START RAW DATA

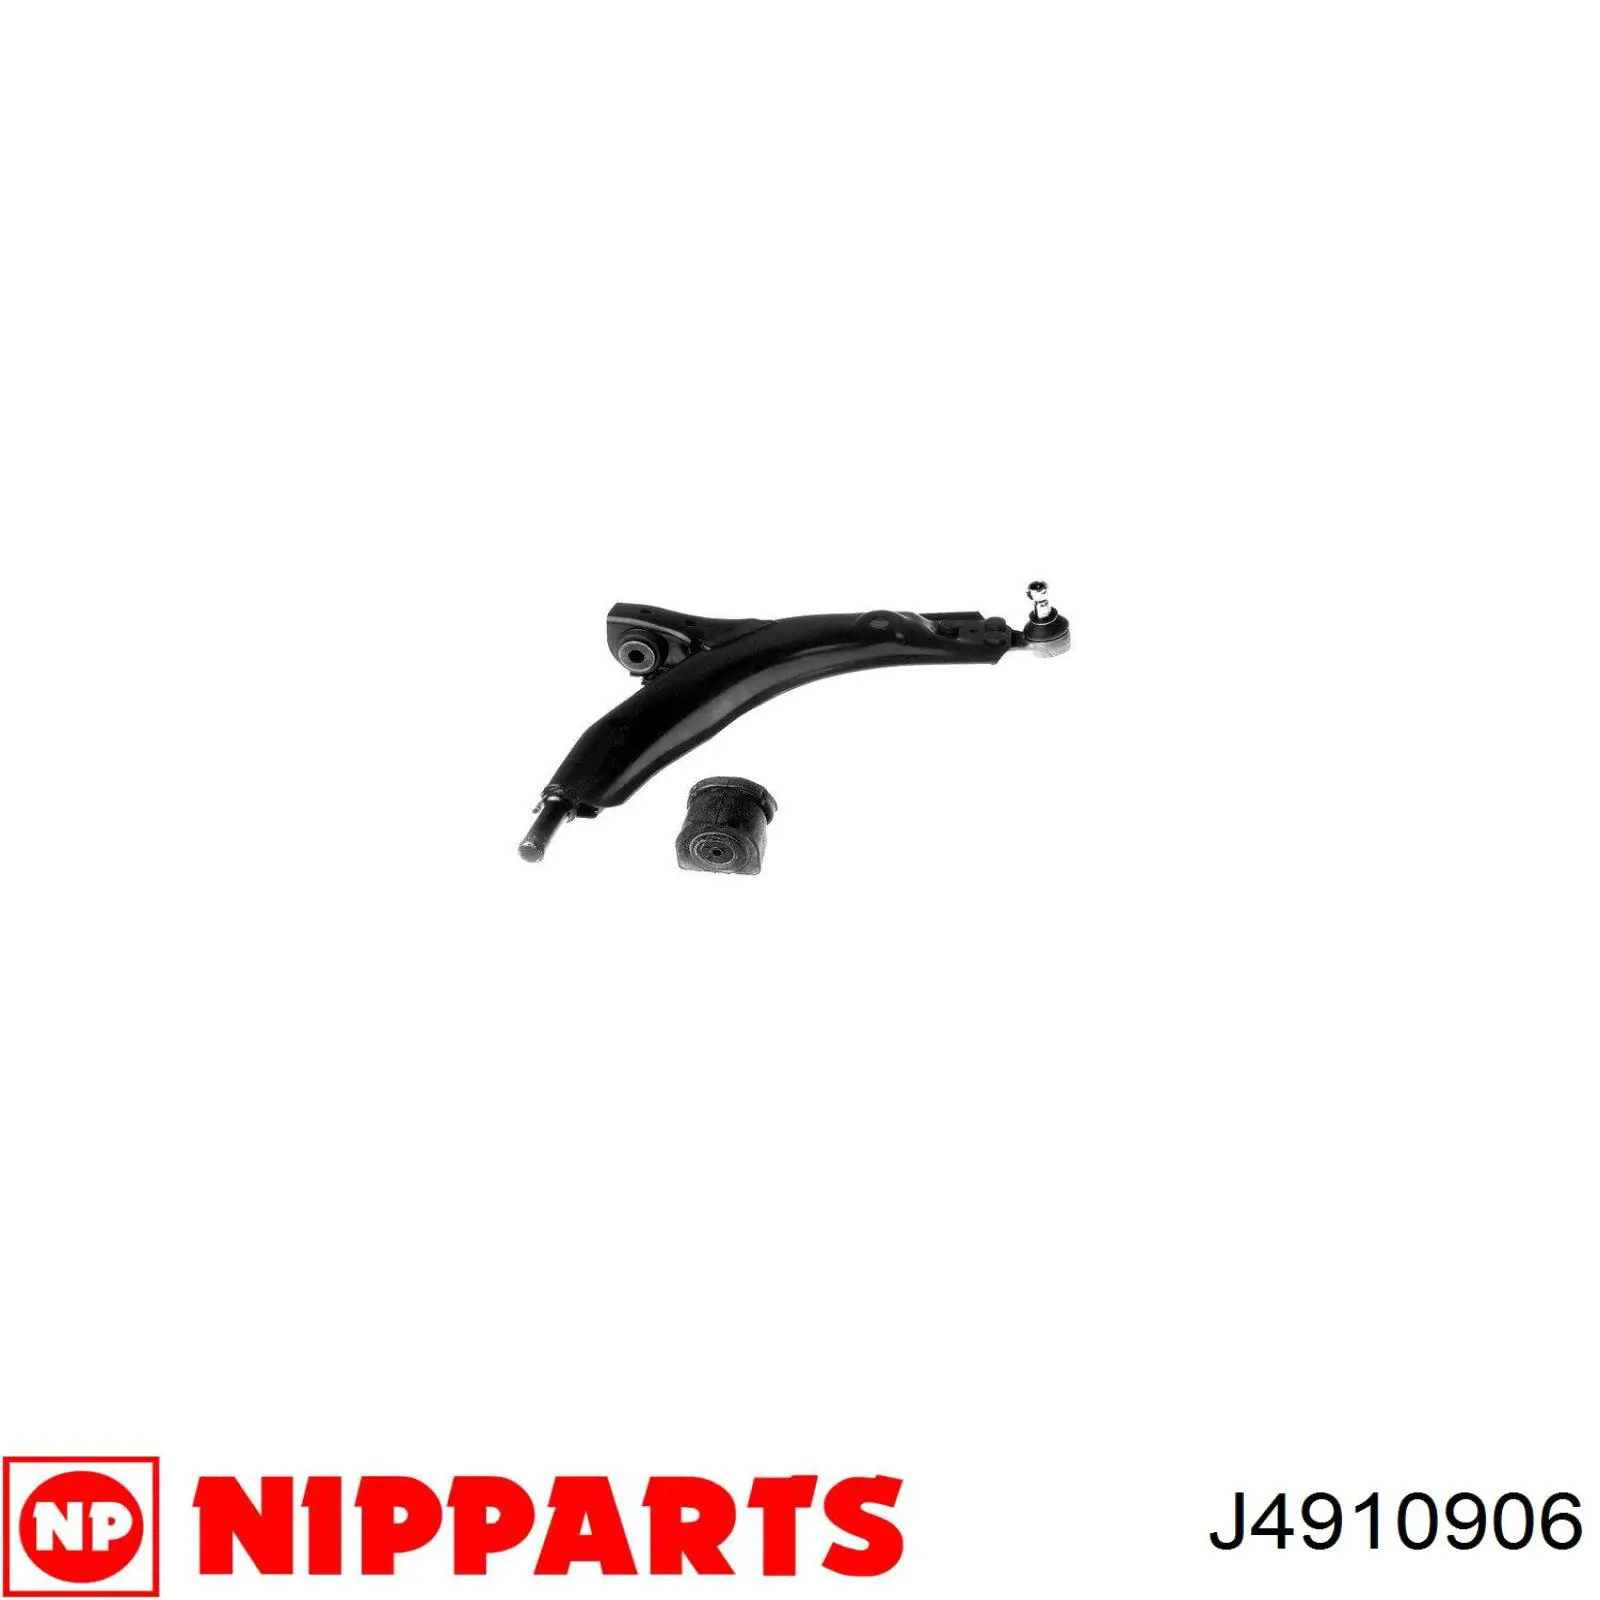 J4910906 Nipparts barra oscilante, suspensión de ruedas delantera, inferior derecha
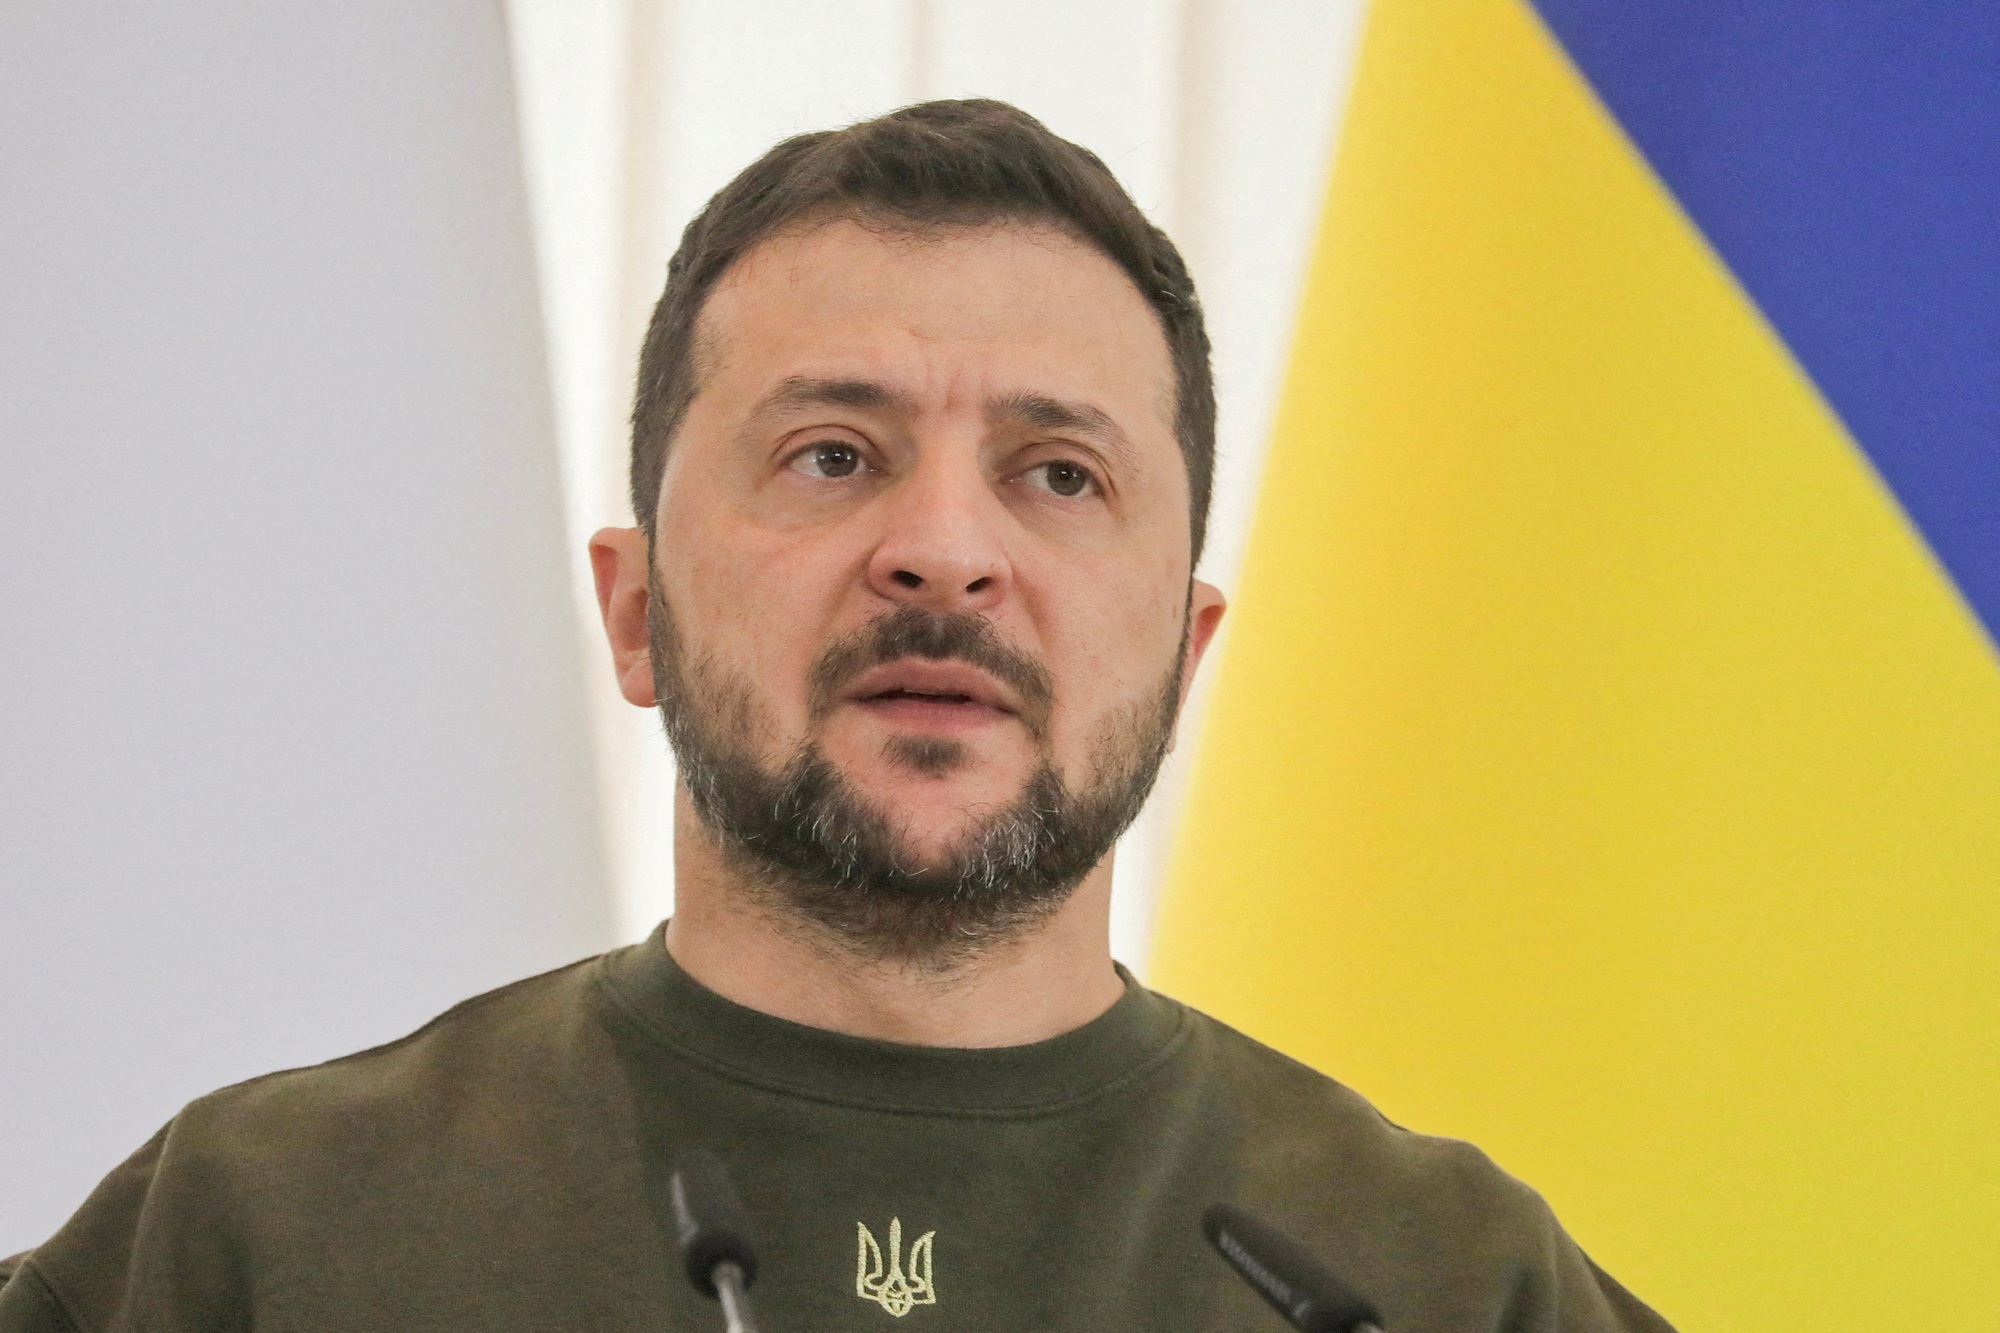 Tổng thống Ukraine khuyên chỉ huy quân đội không can thiệp vào chính trị - Ảnh 1.
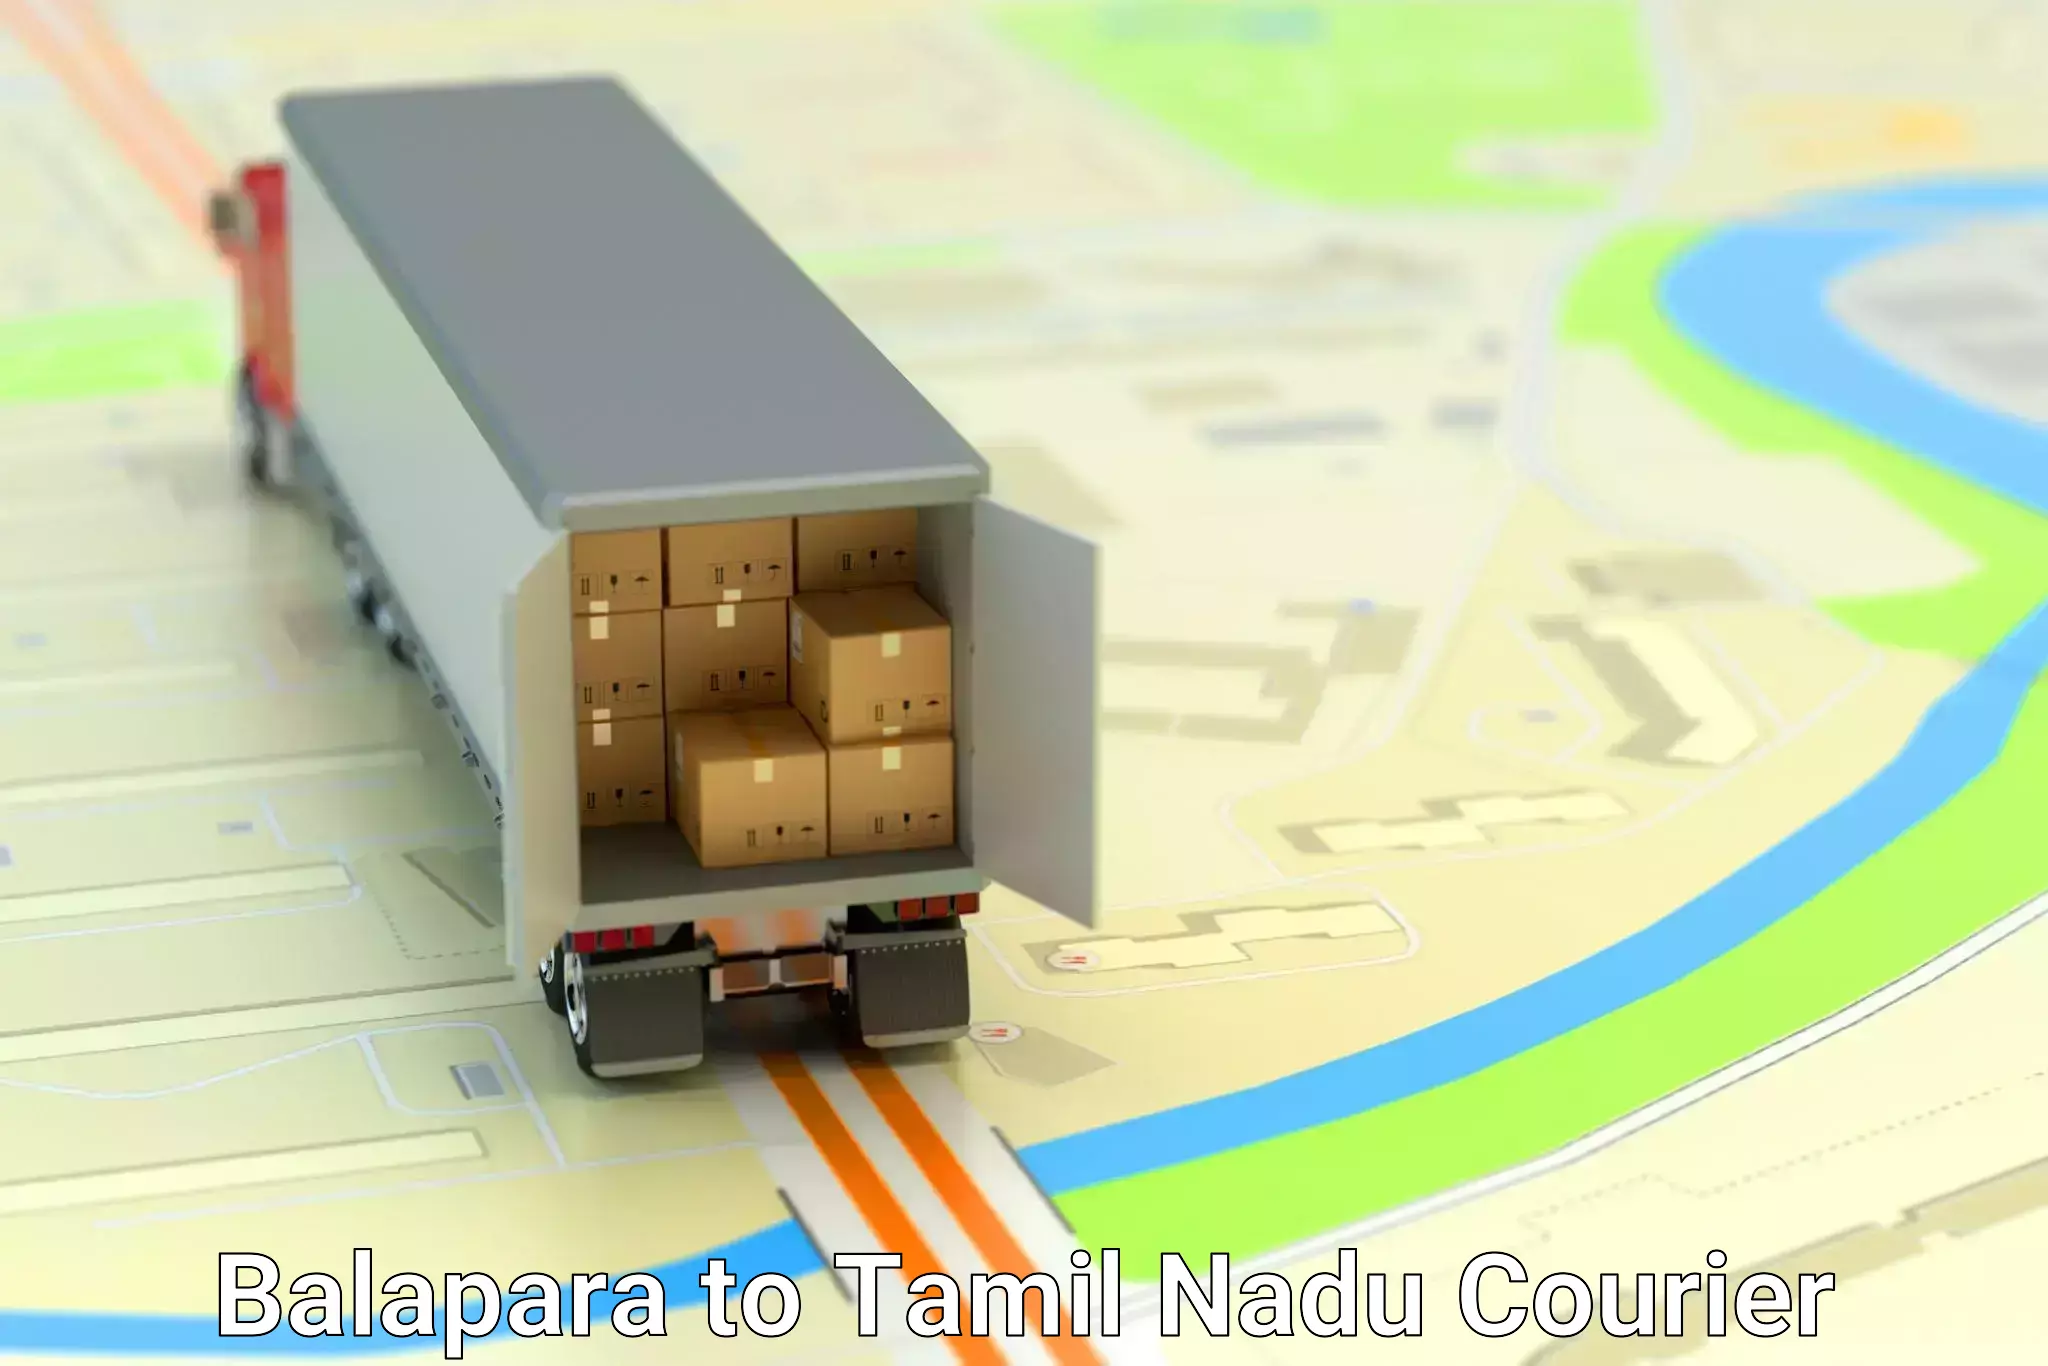 Next-day freight services Balapara to Chennai Port

END RAW DATA

# [WHAT YOU ARE ASKED TO DO]
Extract exactly the lines above from the line containing "Tổng thống Ukraine" through the last one, both ends included, but not the pictures.

# [TASK RESPONSE]
 Tổng thống Ukraine khuyên chỉ huy quân đội không can thiệp vào chính trị - Ảnh 1.
 Next-day freight services Balapara to Chennai Port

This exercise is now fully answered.